I am aware, of course, that £36 billion of the spending increase to 2015-16 is taken up by additional interest on government debt. The Office for Budget Responsibility has also pointed out that so-called “resource” limits for departments in 2015-16 will be 12% lower than if they had merely kept up with inflation. For capital spending the gap is even greater — 30%.

That adds to the case for seeking bigger savings elsewhere. The big cash increases in the next few years are social security, £30 billion, tax credits, £6 billion, public-sector pensions, £7 billion, and contributions to the EU, £4 billion.

There are two dangers in huffing and puffing too much about cuts.
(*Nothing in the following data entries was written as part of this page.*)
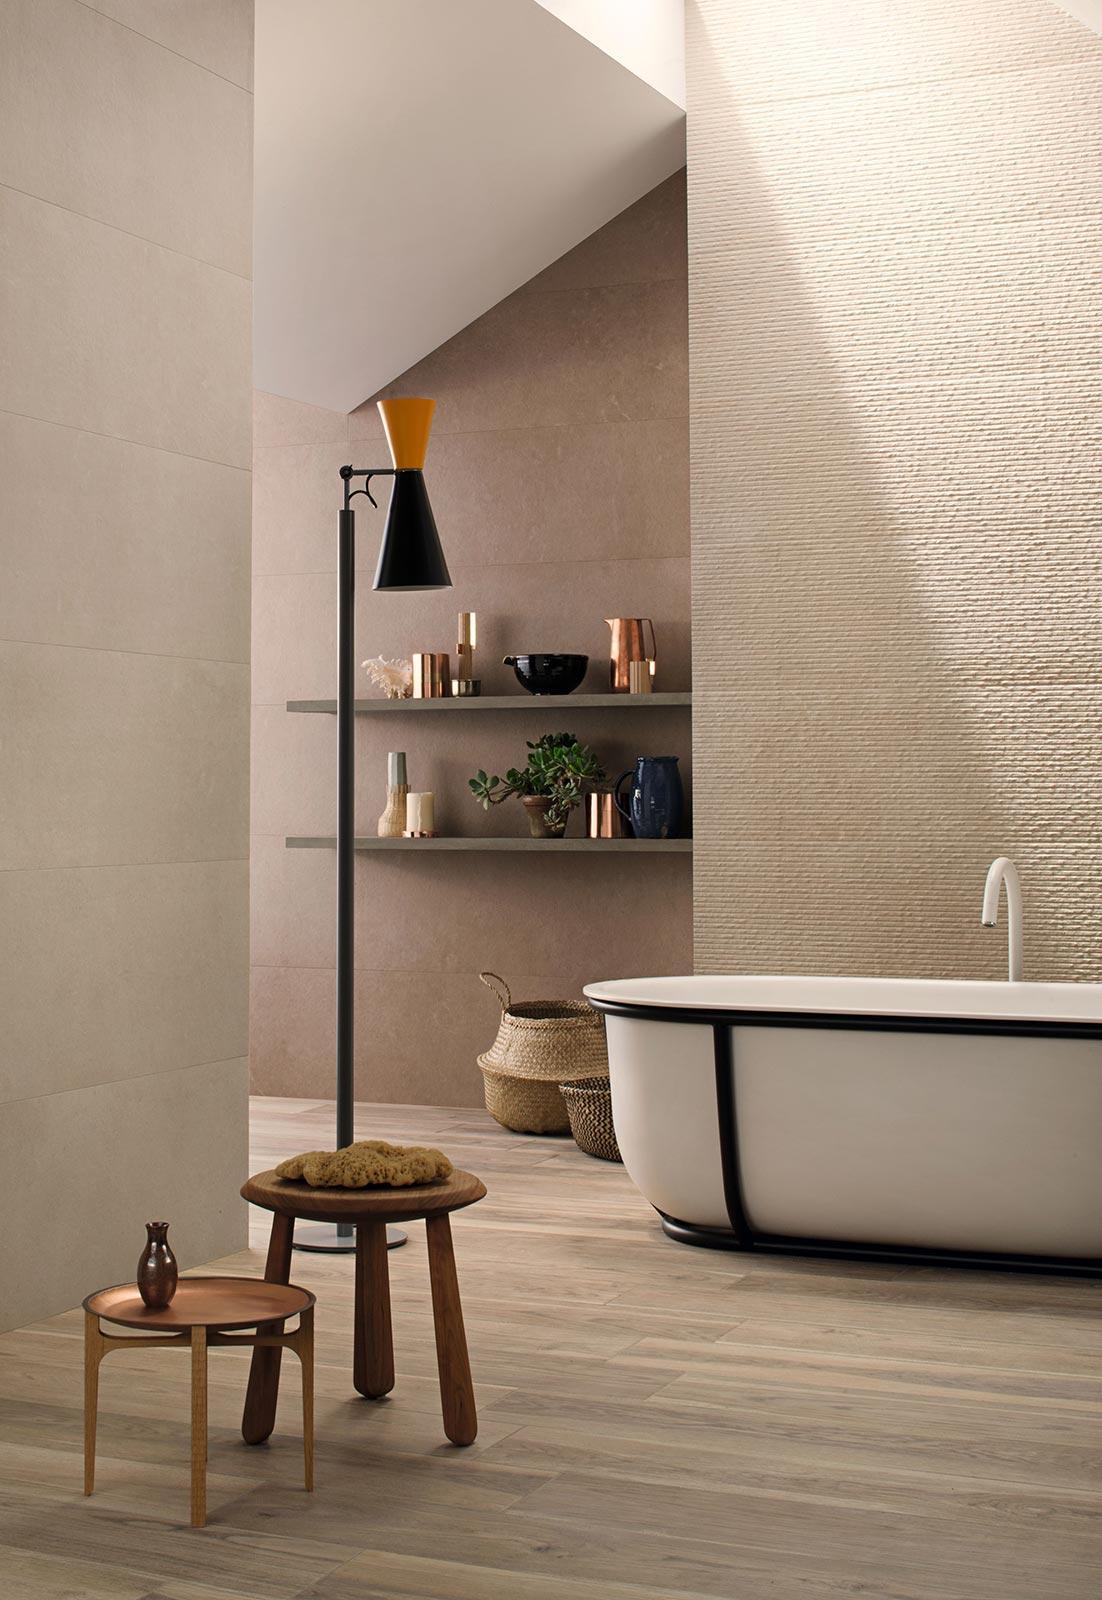 Stone Art Effect Bathroom
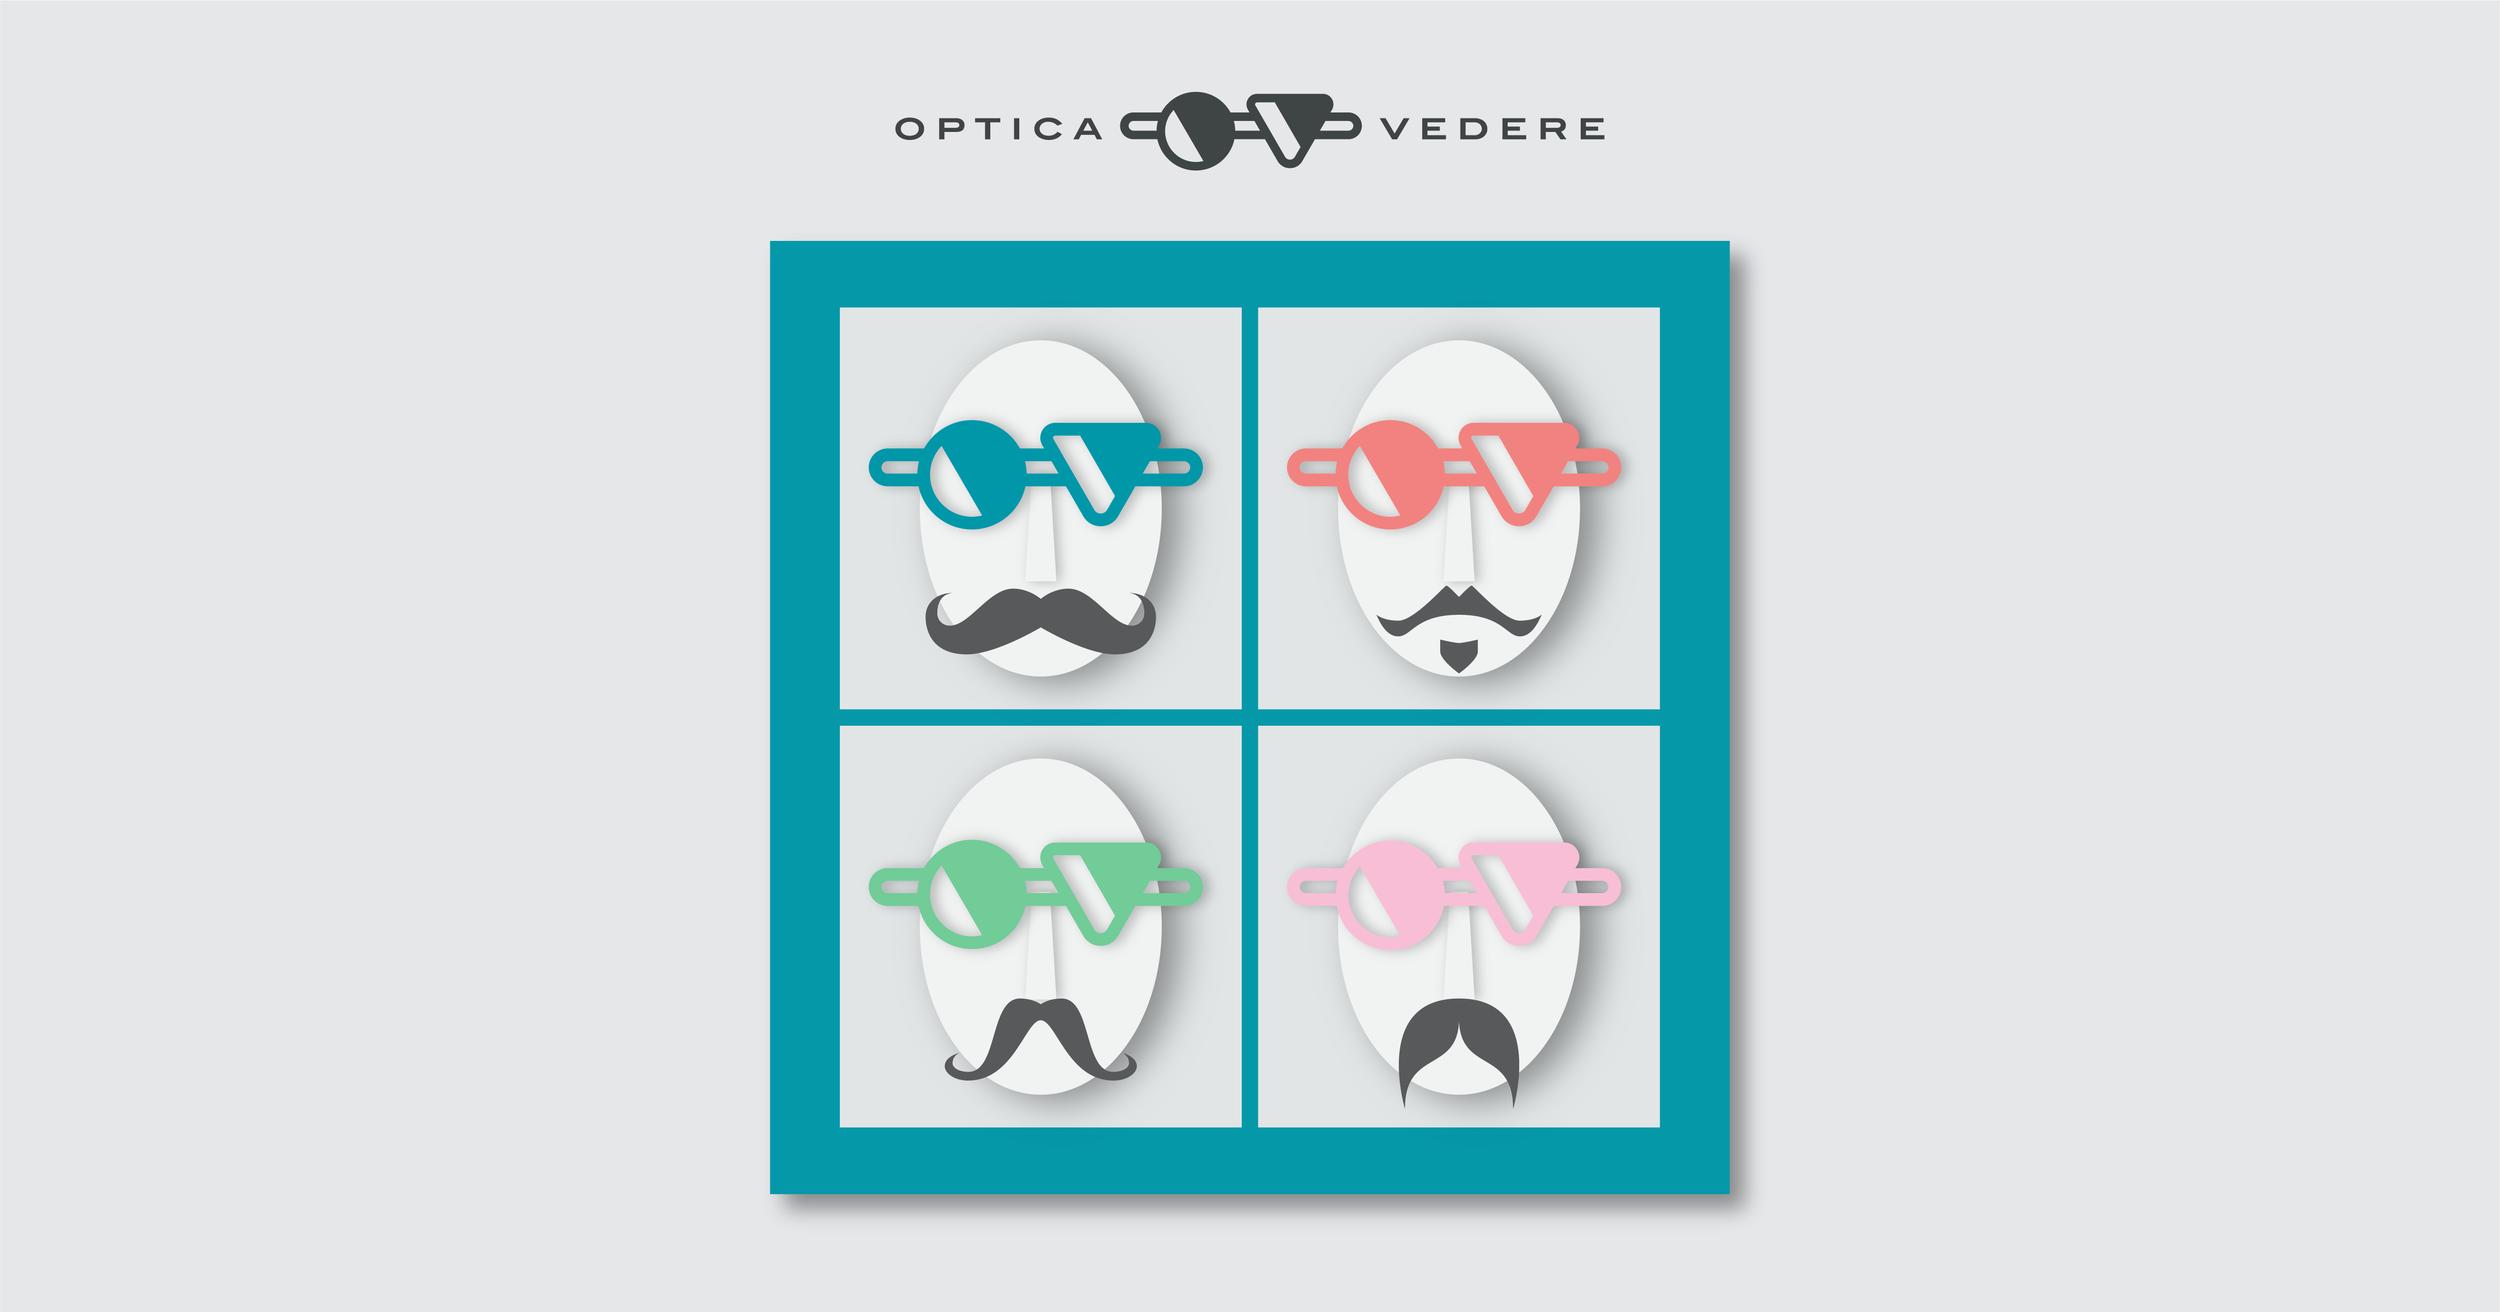 optica_vedere_design-02.png
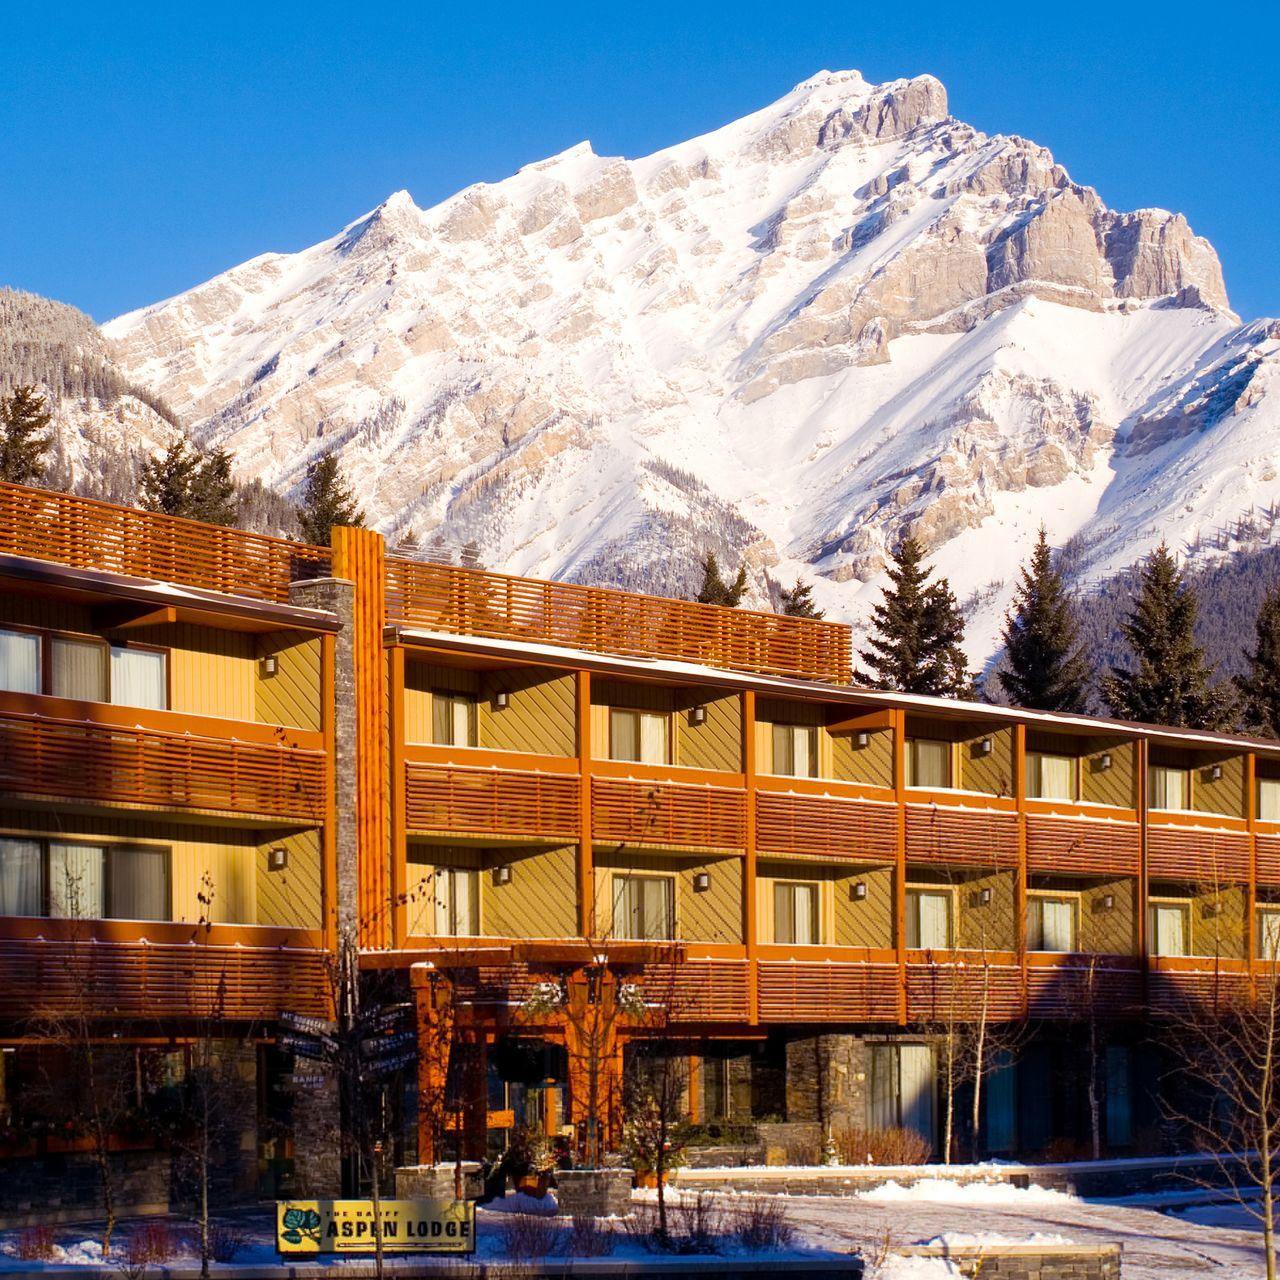 Hotel Alberta Banff Aspen Lodge Canusa
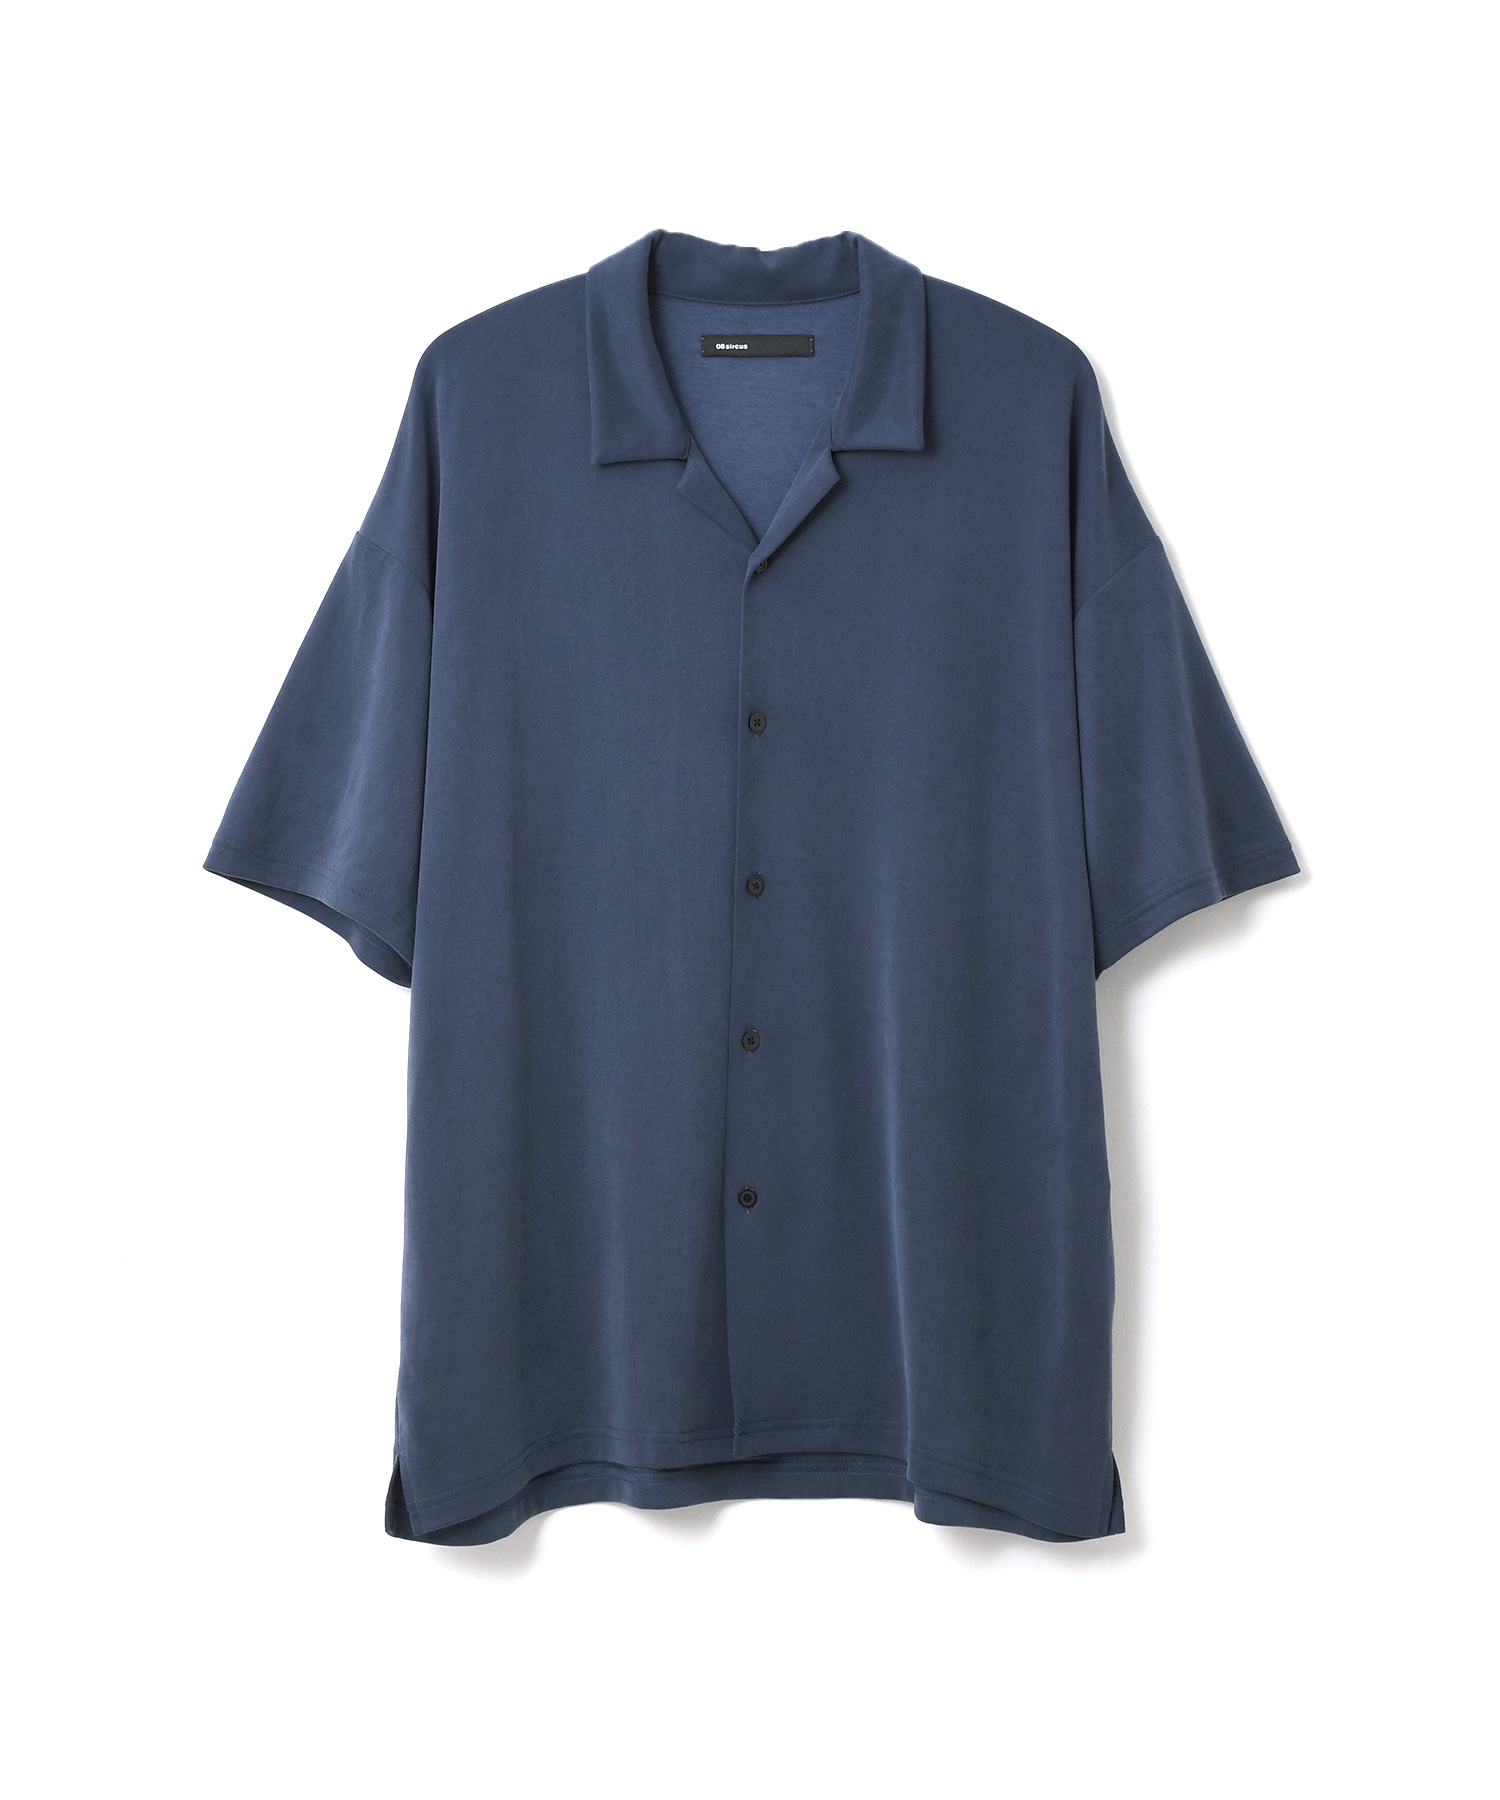 08 SIRCUS / フィブリルキュプラ オープンカラーシャツ《ESTNATION EXCLUSIVE》

One is that consumer and business gloom becomes self-fulfilling, restricting the economy’s ability to grow its way out of debt.

The other is that the government gets a reputation for savage cuts but fails to deliver, the worst of both worlds. That was the fate of the Thatcher government in the early 1980s. Surely history won’t be allowed to repeat itself. Ministers need to lighten up on the austerity message. Otherwise they will end up with an austere economy.

Rate rise fears 

Another thing unsettling people is that if the spending cuts and tax hikes don’t get us, higher interest rates will. Sir John Gieve, a former Bank of England deputy governor, set the cat among the pigeons at an event last week organised by Fathom Financial Consulting.

He warned against the cosy assumption of a 0.5% Bank rate indefinitely and said that, if evidence of recovery builds, the rate could hit 2.5% or 3% next year. Charles Goodhart, another former monetary policy committee (MPC) member, said he would like to do a Rip Van Winkle and not wake up until 2012, such are the MPC’s dilemmas. Rising grain prices add to these.

Some of this may be overstated. Next, to give it another namecheck, warned of an 8% rise in clothing prices under the impact of higher raw material costs and next January’s Vat increase. It knows its business but if clothing prices, which have dropped 1.6% over the past year, rise 8%, I will go into my local Next branch and eat its display of hats.

There will be a lot more of this when the Bank unveils its August inflation report this week, but there is one crucial point. Predictions of higher rates, like Gieve’s, are conditional on recovery.

Only if the economy grows confidently through the tax rises and spending cuts will the MPC feel emboldened to begin raising Bank rate towards normal levels. The idea it would deliberately tip a fragile economy back into recession is surely fanciful.